On a side note, I was watching a talk on cleaning up toxic waste (primarily hexavalent chromium) from tanneries, as it’s a problem my home town faced, and I ran across a very good lecture on the horrendous tannery problems in Bangladesh, a country that has taken over most of the world’s tanning business due to its cheap labor and complete lack of sense. The lecture was by Margrit von Braun. 🙂
“a timid and pragmatic power…”
Really?
I remember 15 years ago looking at the internet and telling myself if I could turn that into a fortune, I would use it to conquer space.

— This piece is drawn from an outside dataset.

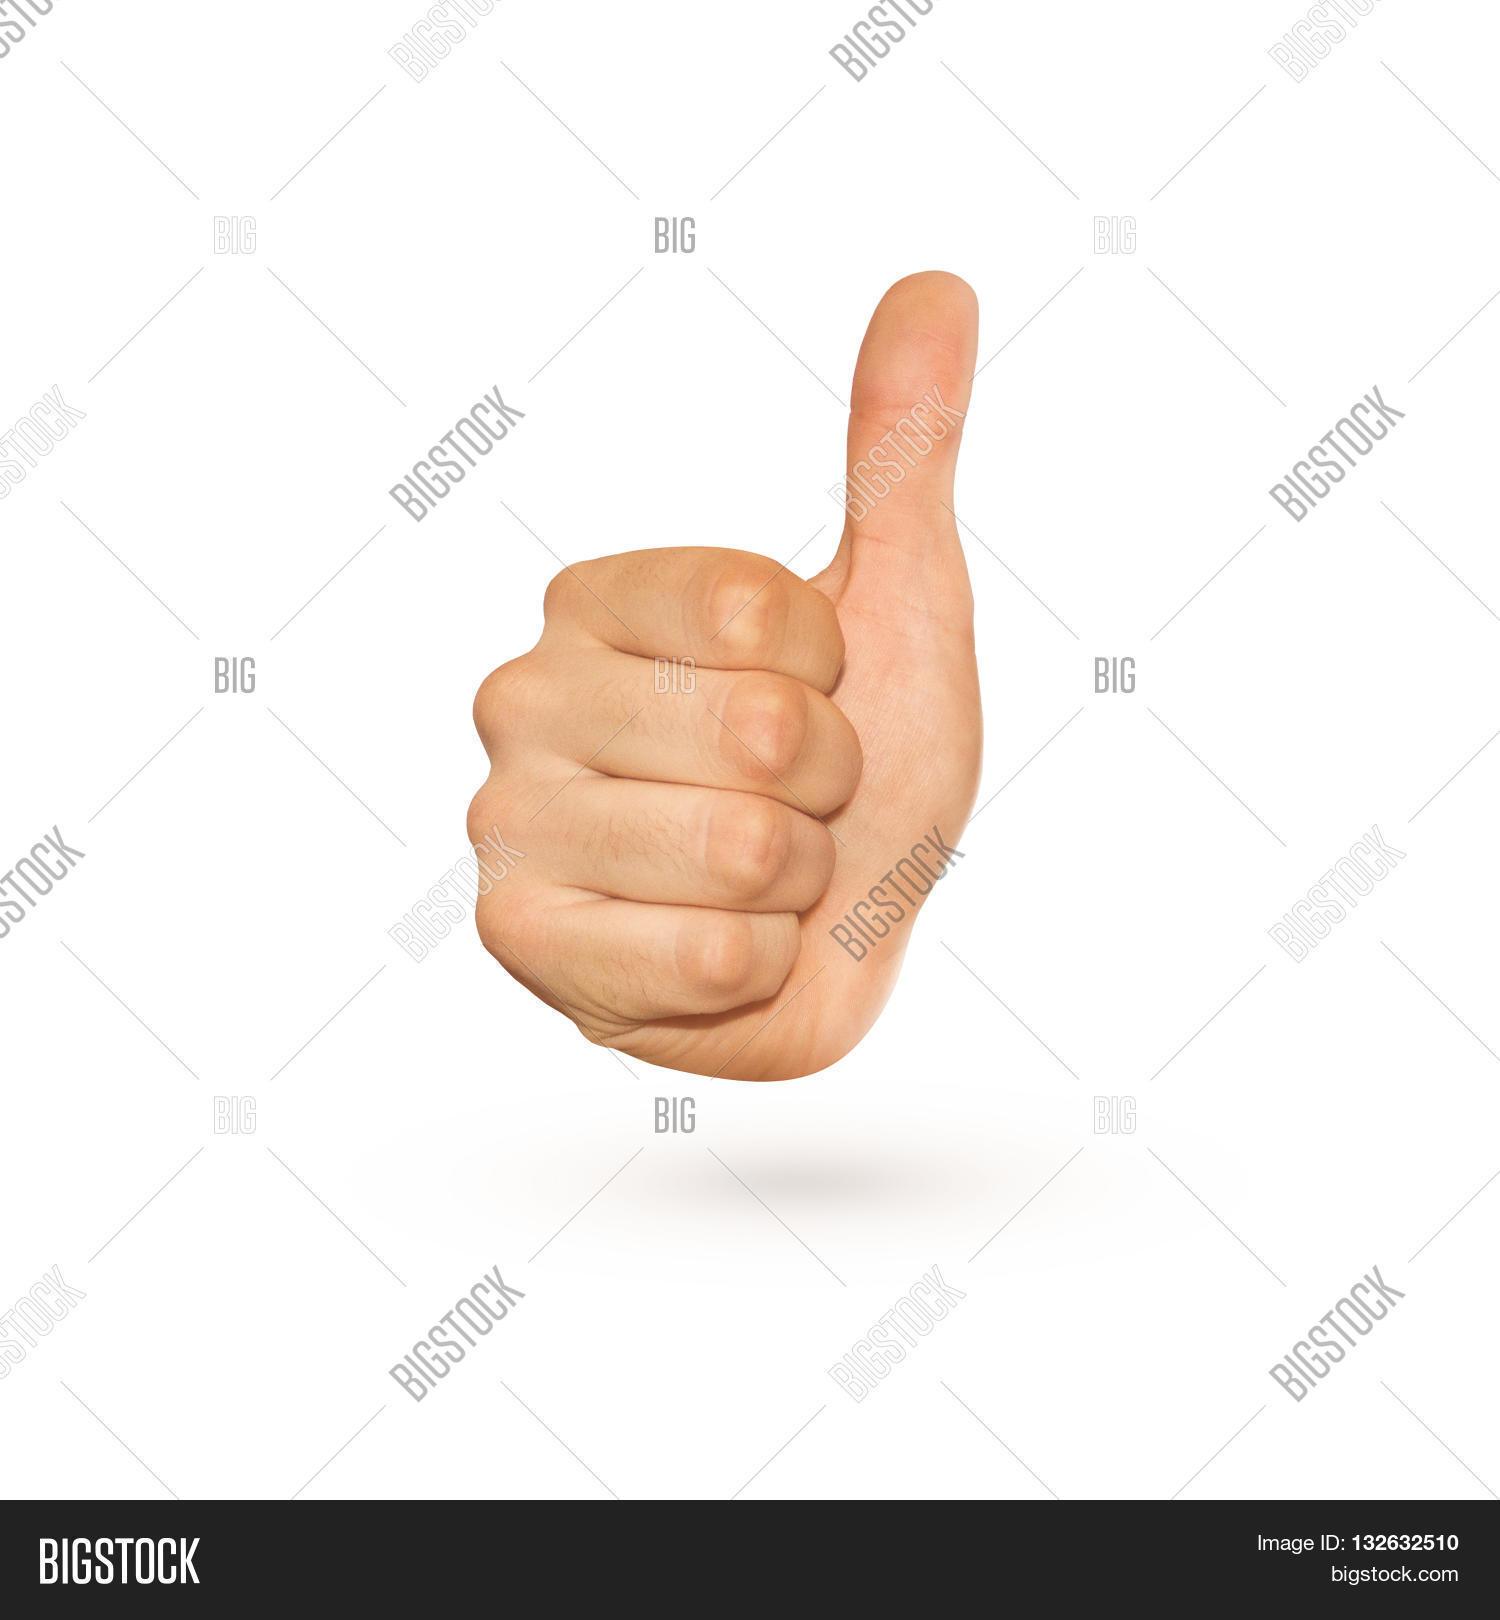 Icon Thumb Sign Image Photo Free Trial Bigstock

Fortunately, Elon Musk and to a lesser extent Jeff Bezos are doing it for me. Apparently, my idea was more widespread than to just myself. Three men of similar age and backgrounds sharing a similar dream derived from similar inputs and inspirations. Only like Langley and the Wrights, two of them had the resources to make their a physical reality(and one worked!). It seems that as an idea, manned spaceflight is finally ripe.
And to add, what is almost as interesting is how they are now co-opting and dragging the old school along for the ride. Witness Bezos and the ULA in response to Musk. Now, they are feeding off of one another and causing a catalytic effect in excess of their own organic resource base.
It’s almost like a race of some kind or something!
Richard Whitcomb http://en.wikipedia.org/wiki/Richard_T._Whitcomb is history’s greatest aviation pioneer — area rule, the “shock pods” on the Convair 990, supercritical wing on the Airbus, winglets.
Actually, the greatest innovation in the history of aviation was by Edward J. Brennan. Patent link
That is an outstanding article. I will be linking it everywhere I can.
I didn’t pay attention to SpaceX until the first Falcon 9 launch, which I didn’t watch. What made me sit up and take notice was the fact that they had an ignition abort and went ahead and launched successfully the same day. I had never heard of that happening before. I remembered Gemini 6 and a few Shuttle ignition aborts, and that usually meant a delay to find and fix the problem.
Musk is the confluence of three important attributes needed to start any business; competence, money, and ideas. Rarely do these things align in any one person and this is especially true in the space industry where the barriers to entry are so much higher than any other industry.
I would add in determination. I’m not much into touchy-feely inspirational stuff, but I did like that quote from (probably the late) Robert Schuller:
Agreed. I think one man (in this case three men) CAN make a difference. Have done so and are still doing so.
Getting back to the original topic, I think Musk can very much be seen as von Braun’s heir. They both have space dreams and to implement them they both go where ever the money is. Von B started out as an amateur (a member of the Verein fuer Raumfahrt) when that was the only game in town. When the German Army offered serious cash, he moved there. At the end of WW2, a major factor in his choosing to surrender to the US rather than another country was the expectation of funding (read Fred Ordway’s book “Rocket Team”). He was initially reluctant to leave the US Army for NASA in significant part because he thought a civilian agency would never get a significant budget. After leaving NASA, he presaged Musk by moving from government funding to private by participating (along with Kurt Debus) in OTRAG.